Policing Complex Criminality in and through Major Seaports
Bibliographic record
Abstract
Introduction Ports are multivalent, liminal spaces. On the one hand, they are gates into the city, and on the other, they provide an exit door to the sea. Moreover, we can argue that they are multivalent spaces in as much as their nature is hybrid. As shown in the previous chapter, their activities constantly swing between the global and the local; global trade meets local workforce; global maritime industry meets local regulations. The multivalent and hybrid nature of the ports’ territory and purpose is crucial to understanding why policing the waterfront is such a complex task. This chapter provides a framework for analyzing large-scale, organized and complex criminality through and within major seaports and the challenges of policing these activities.
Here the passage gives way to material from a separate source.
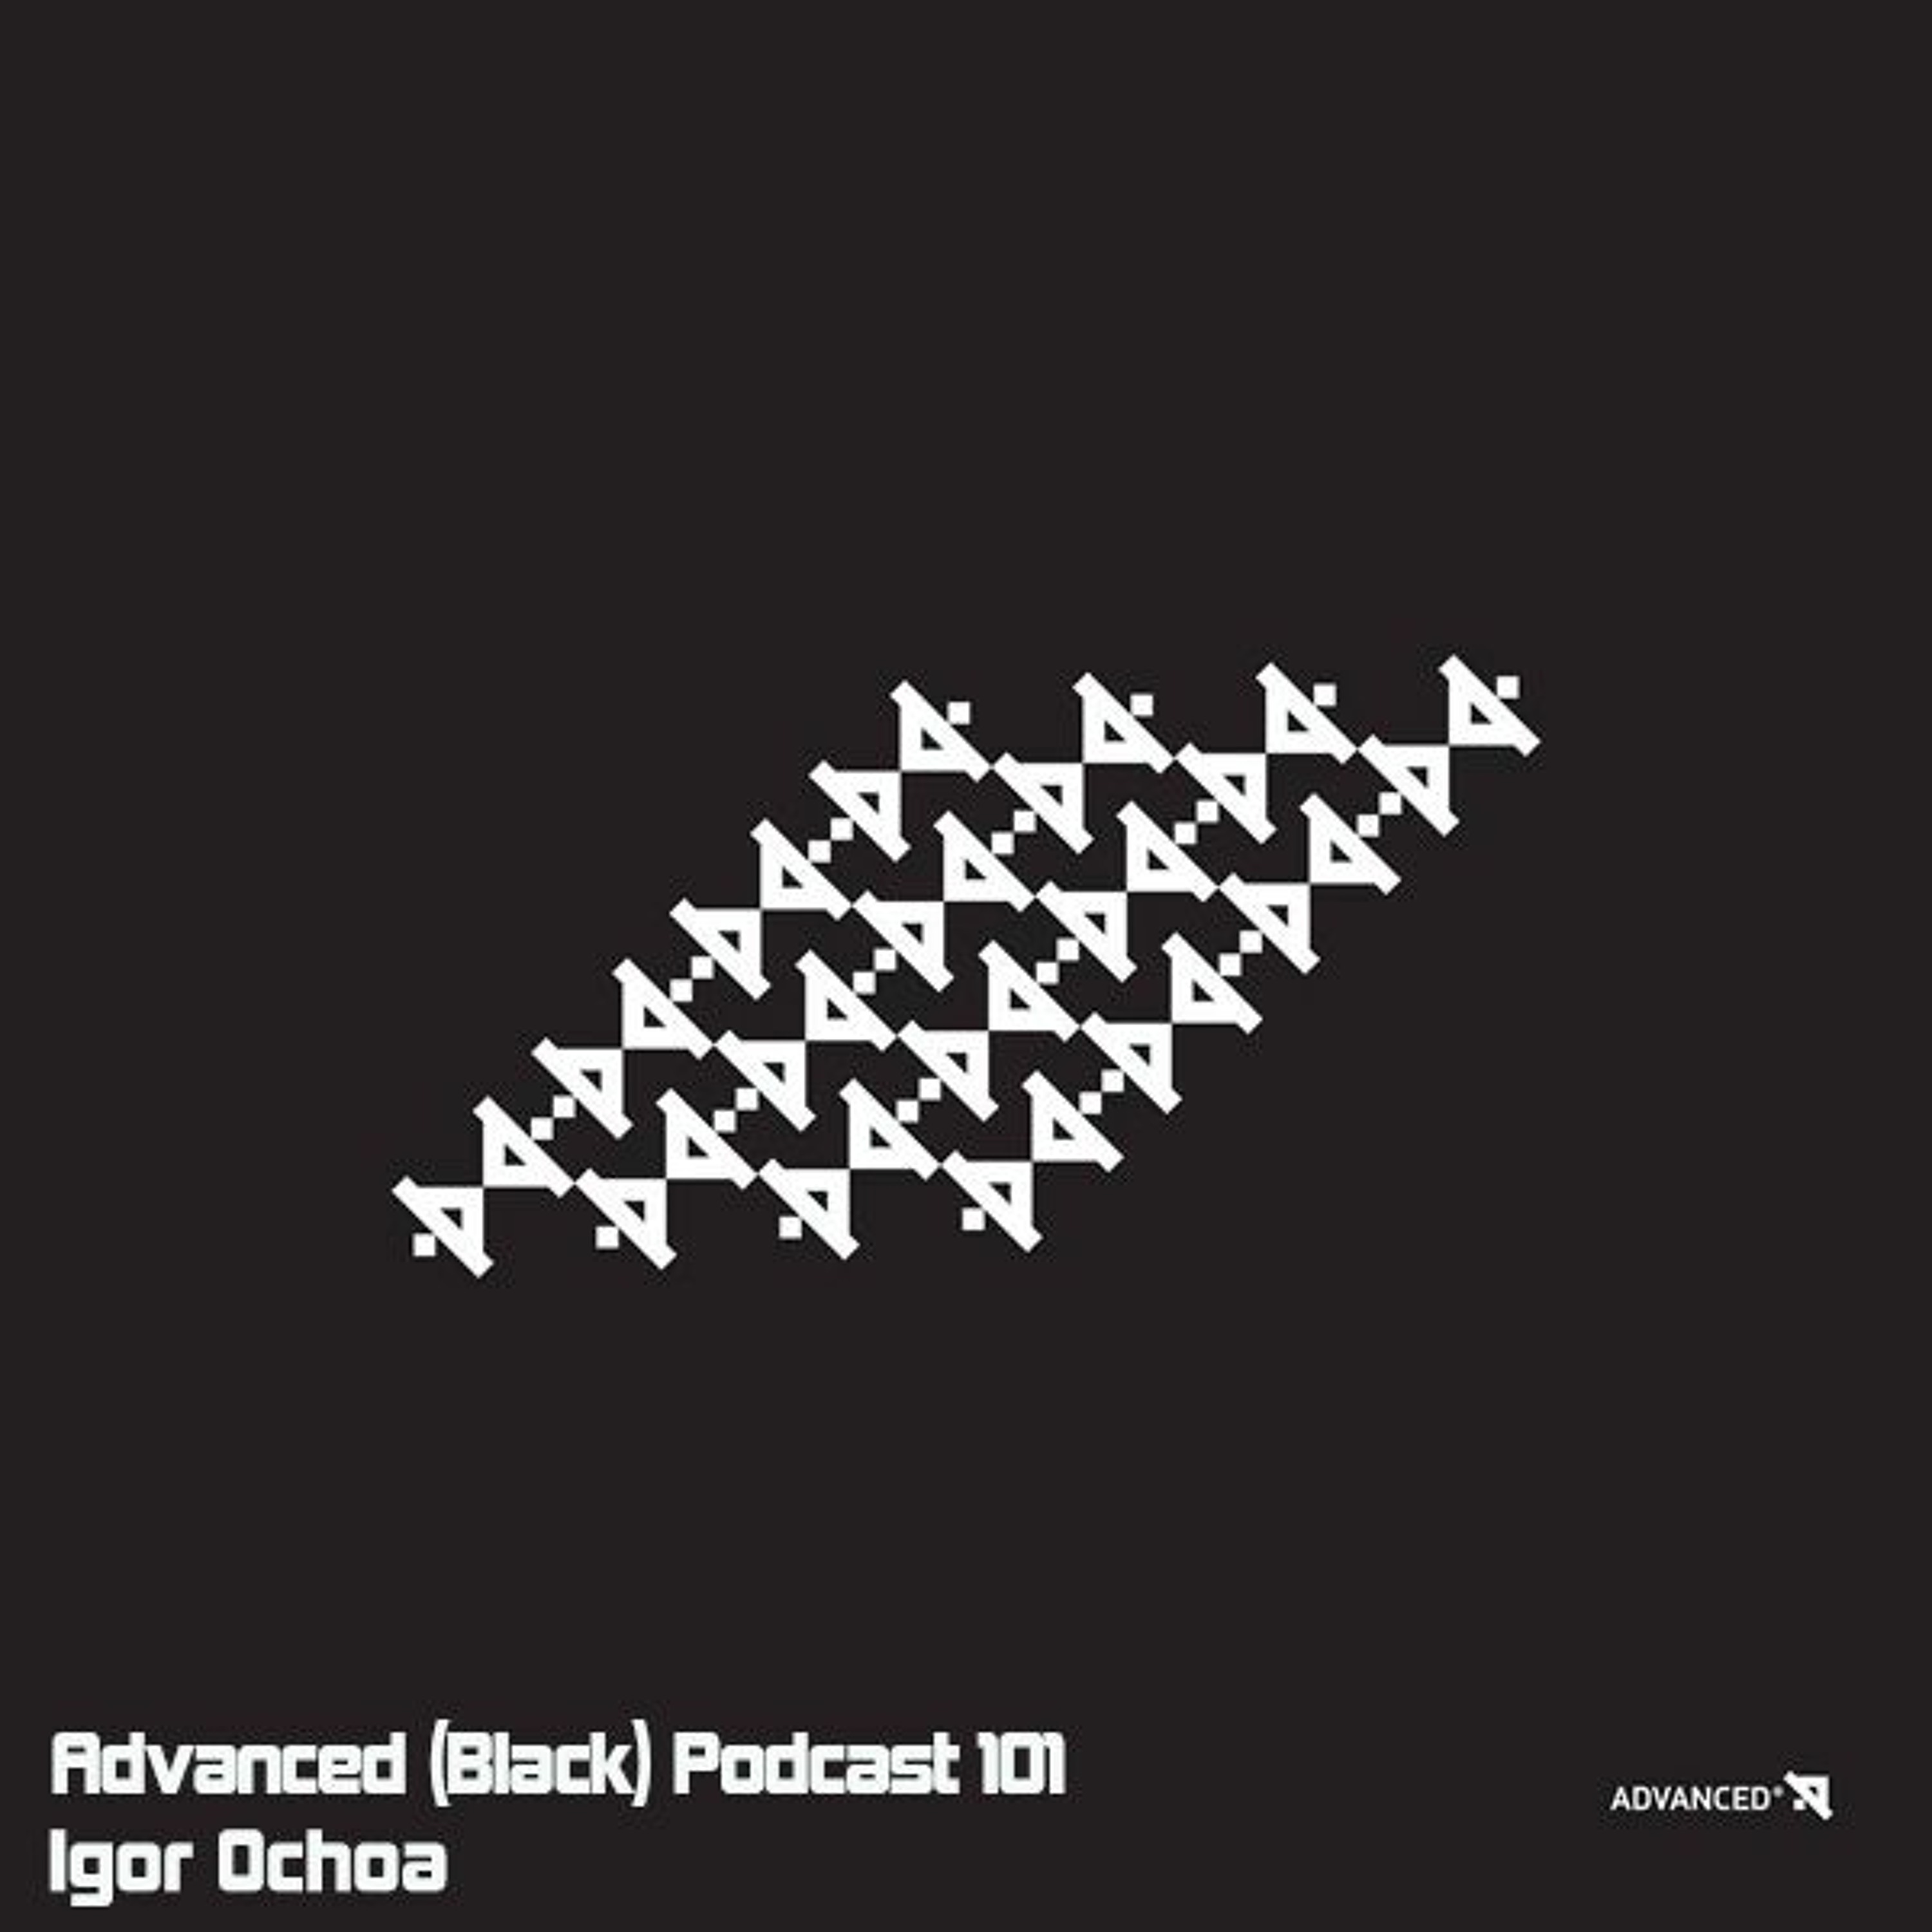 Advanced (Black) Podcast 101 with Igor Ochoa

It analyzes organized crime, organizational crime and forms of collusion and/or corruption on the waterfront and in/ through seaports by focussing on the challenges of countering them from a policing perspective. Drawing from data collected for completed research projects, especially in the ports of Genoa, New York/ New Jersey, Montreal, Melbourne, Liverpool and Gioia Tauro, this chapter reflects on practical challenges and the practices of policing the port space. In doing so, we start from two main standpoints and arguments. First, crime on the waterfront and in/ through seaports manifest as ‘complex crimes’, in as much as they involve different types of activities, more or less serious or harmful in nature and more or less local in reach. The chapter will address forms and manifestations of organized crime, including organizational crimes and corruption, as complex criminality. Accordingly, the chapter focusses on crime over harm, which is certainly relevant in this context (Bisschop, 2015), but not necessarily addressed in this chapter. Second, the policing of these complex crimes emerges as a form of hybrid policing, between high and low control mechanisms. This chapter therefore looks at the challenges of policing complex crimes through the lenses of high policing or hybrid policing approaches and the consequences this has for local partnerships and long-lasting interventions.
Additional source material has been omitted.